Stored data
──────────────────────────────
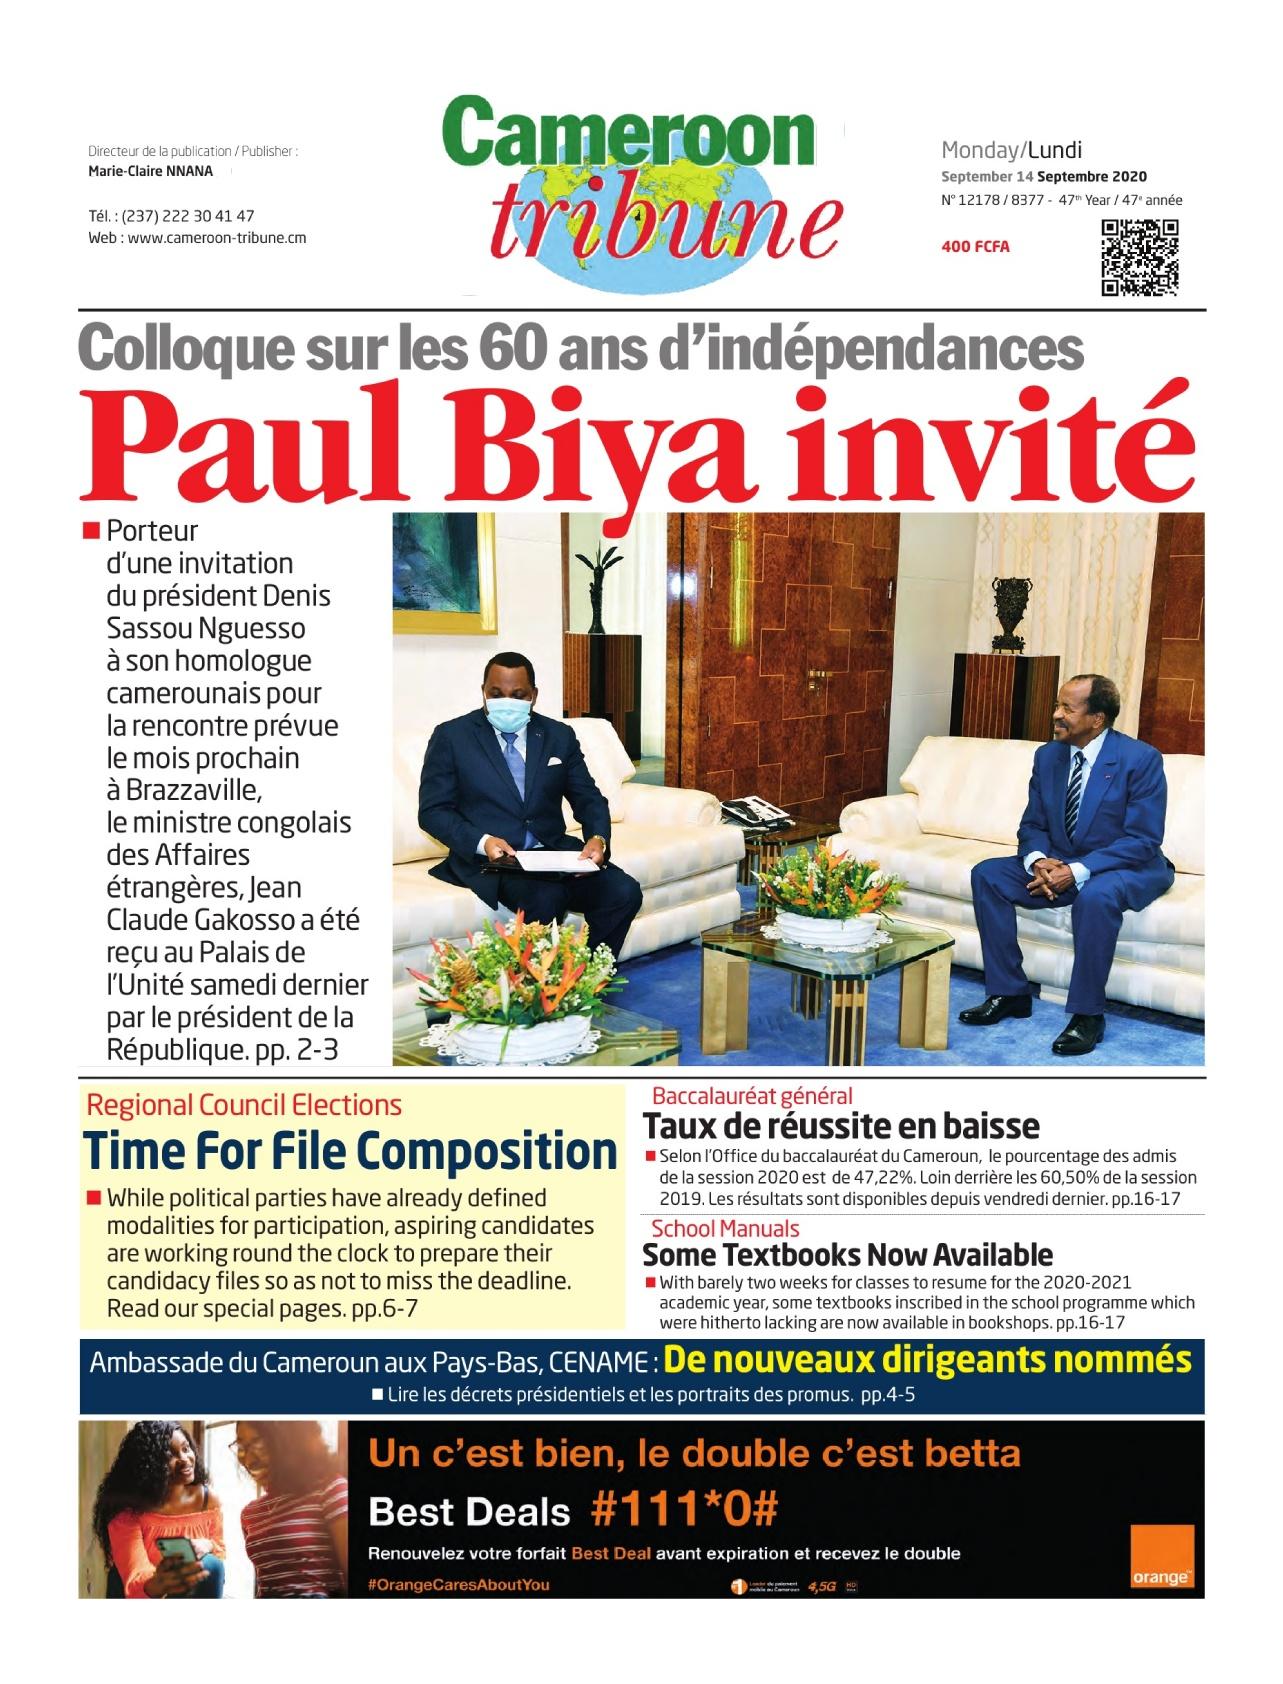 Cameroon Tribune - 14/09/2020
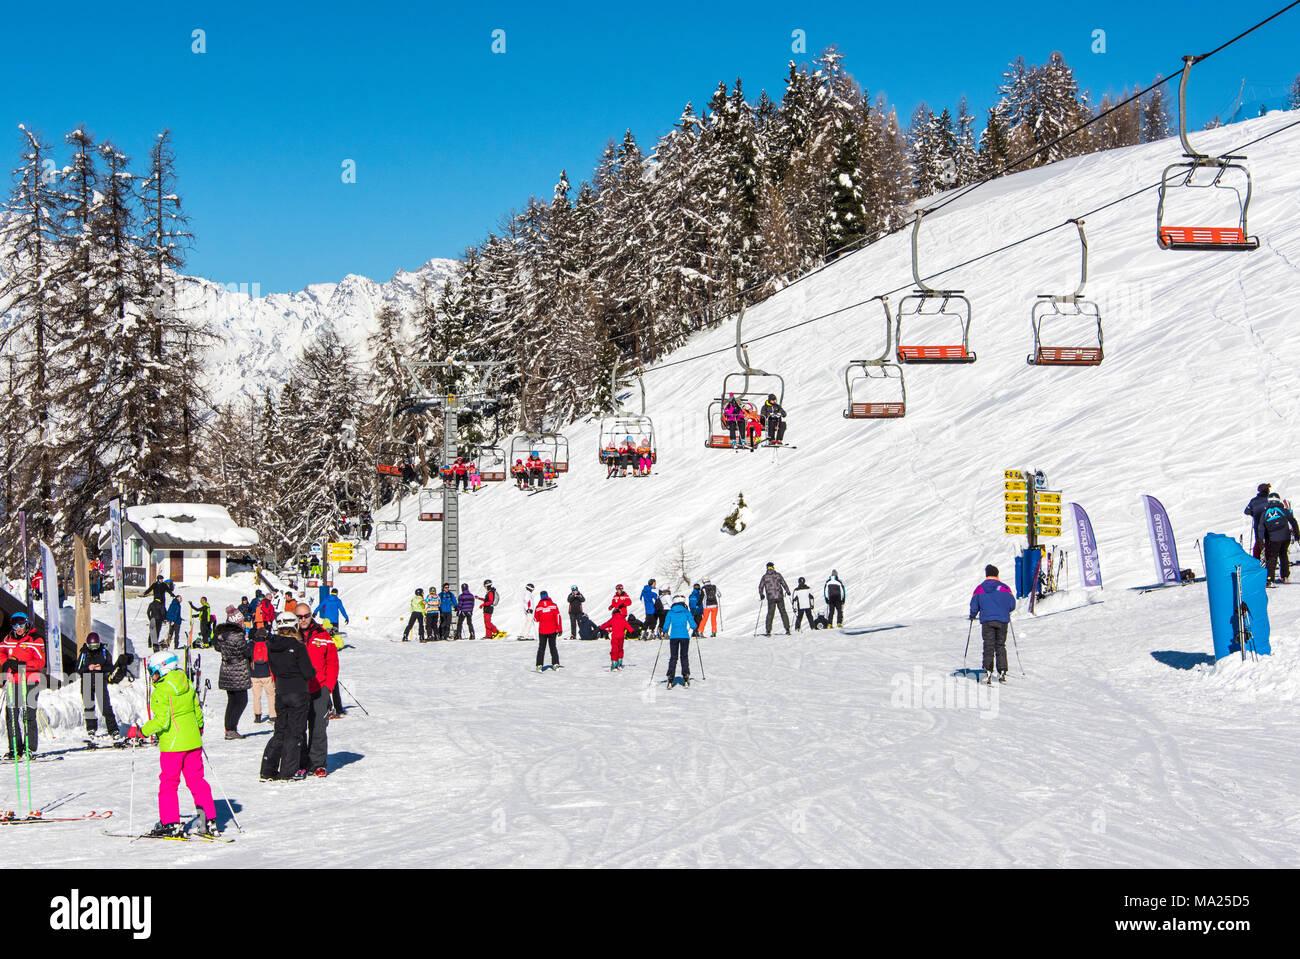 Station de ski de Pila, vallée d'aoste, Italie Photo Stock
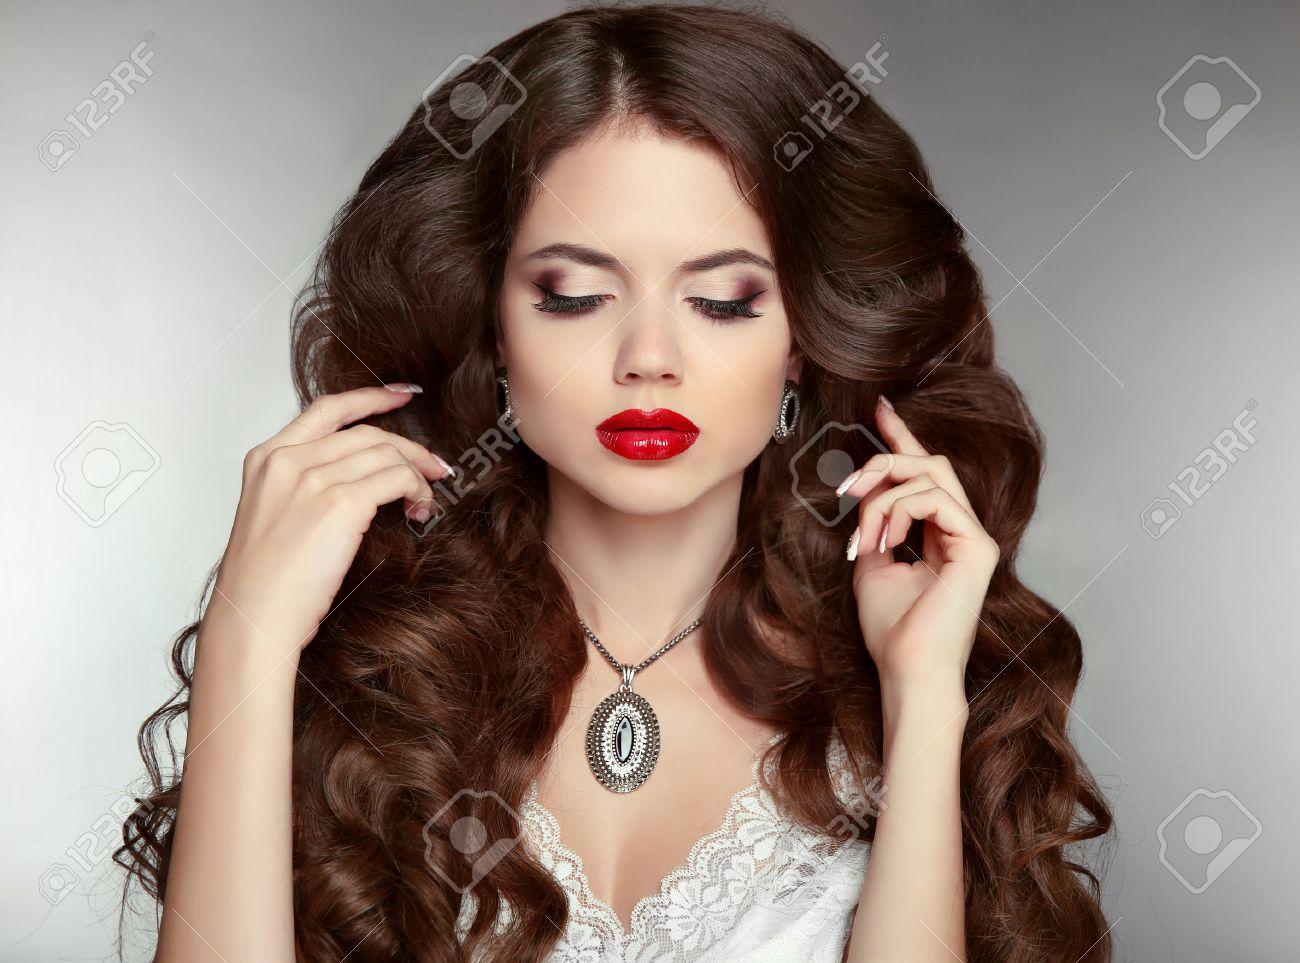 Lange Haare Bilden Schone Frau Mit Welligen Frisur Und Abend Make
──────────────────────────────
What you should do
For this exercise, write out the listing verbatim and leave every image out.

Reply
 Cameroon Tribune - 14/09/2020
 Station de ski de Pila, vallée d'aoste, Italie Photo Stock
 Lange Haare Bilden Schone Frau Mit Welligen Frisur Und Abend Make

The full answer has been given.